在调用 fit 函数后,我可以看到模型在训练中收敛,但在我调用 evaluate 方法后,它的行为就好像模型根本没有完成拟合一样。最好的例子是下面我使用训练生成器进行训练和验证并得到不同结果的地方。

import tensorflow as tf
from tensorflow.keras.callbacks import ModelCheckpoint

from ImageGenerator import ImageGenerator

if __name__== "__main__":

    batch_size=64

    train_gen = ImageGenerator('synthetic3/train/open/*.png', 'synthetic3/train/closed/*.png', batch_size=batch_size)

    model = tf.keras.applications.mobilenet_v2.MobileNetV2(weights=None, classes=2, input_shape=(256, 256, 3))

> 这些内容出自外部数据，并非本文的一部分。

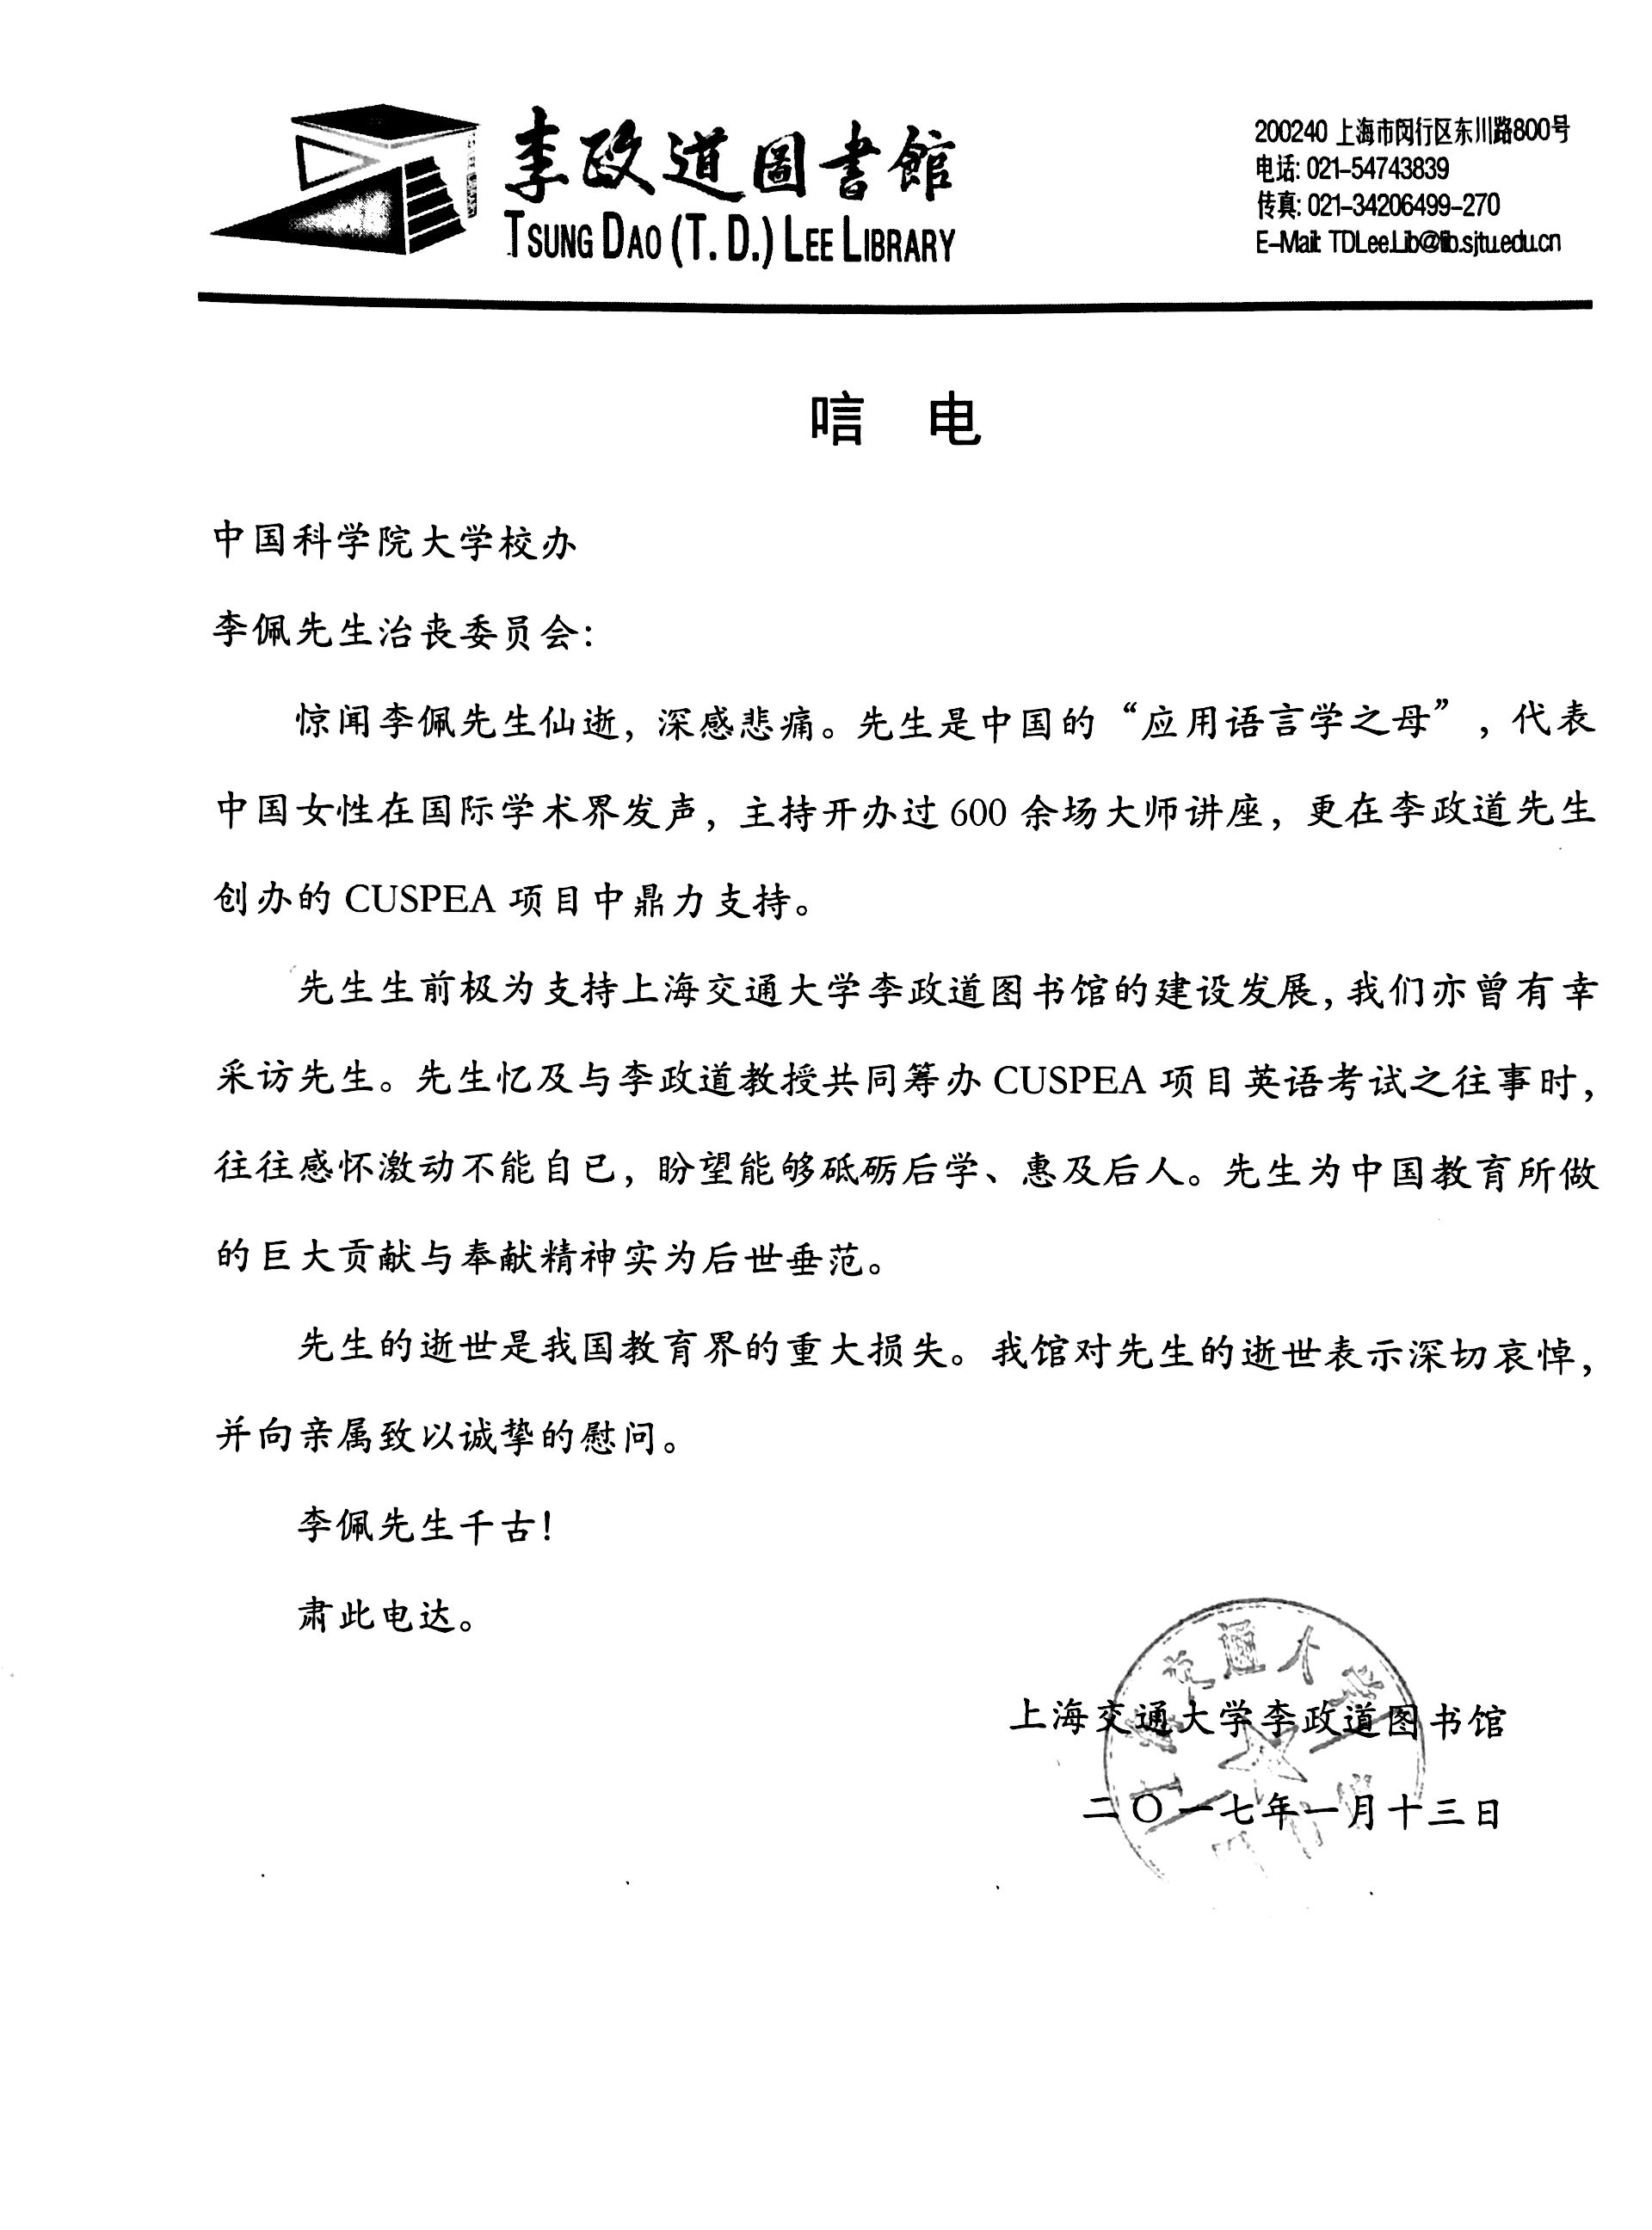 上海交通大学李政道图书馆致李佩先生治丧委员会唁电

    model.compile(optimizer='adam', 
                loss=tf.keras.losses.CategoricalCrossentropy(),
                metrics=['accuracy'])

    history = model.fit(
        train_gen,
        validation_data=train_gen,
        epochs=5,
        verbose=1
    )
    
    model.evaluate(train_gen)

结果

Epoch 1/5
19/19 [==============================] - 11s 600ms/step - loss: 0.7707 - accuracy: 0.5016 - val_loss: 0.6932 - val_accuracy: 0.5016
Epoch 2/5
19/19 [==============================] - 10s 533ms/step - loss: 0.6991 - accuracy: 0.5855 - val_loss: 0.6935 - val_accuracy: 0.4975
Epoch 3/5
19/19 [==============================] - 10s 509ms/step - loss: 0.6213 - accuracy: 0.6637 - val_loss: 0.6932 - val_accuracy: 0.4992
Epoch 4/5
19/19 [==============================] - 10s 514ms/step - loss: 0.4407 - accuracy: 0.8158 - val_loss: 0.6934 - val_accuracy: 0.5008
Epoch 5/5
19/19 [==============================] - 10s 504ms/step - loss: 0.3200 - accuracy: 0.8643 - val_loss: 0.6949 - val_accuracy: 0.5000
19/19 [==============================] - 3s 159ms/step - loss: 0.6953 - accuracy: 0.4967

这是有问题的,因为即使在保存权重时,它也会像模型没有完成拟合一样保存。

evaluate() 函数将验证数据集作为输入来评估已训练的模型。

从外观上看,您正在为 validation_data 使用训练数据集 (train_gen),并将相同的数据集作为输入传递给 model.evaluate()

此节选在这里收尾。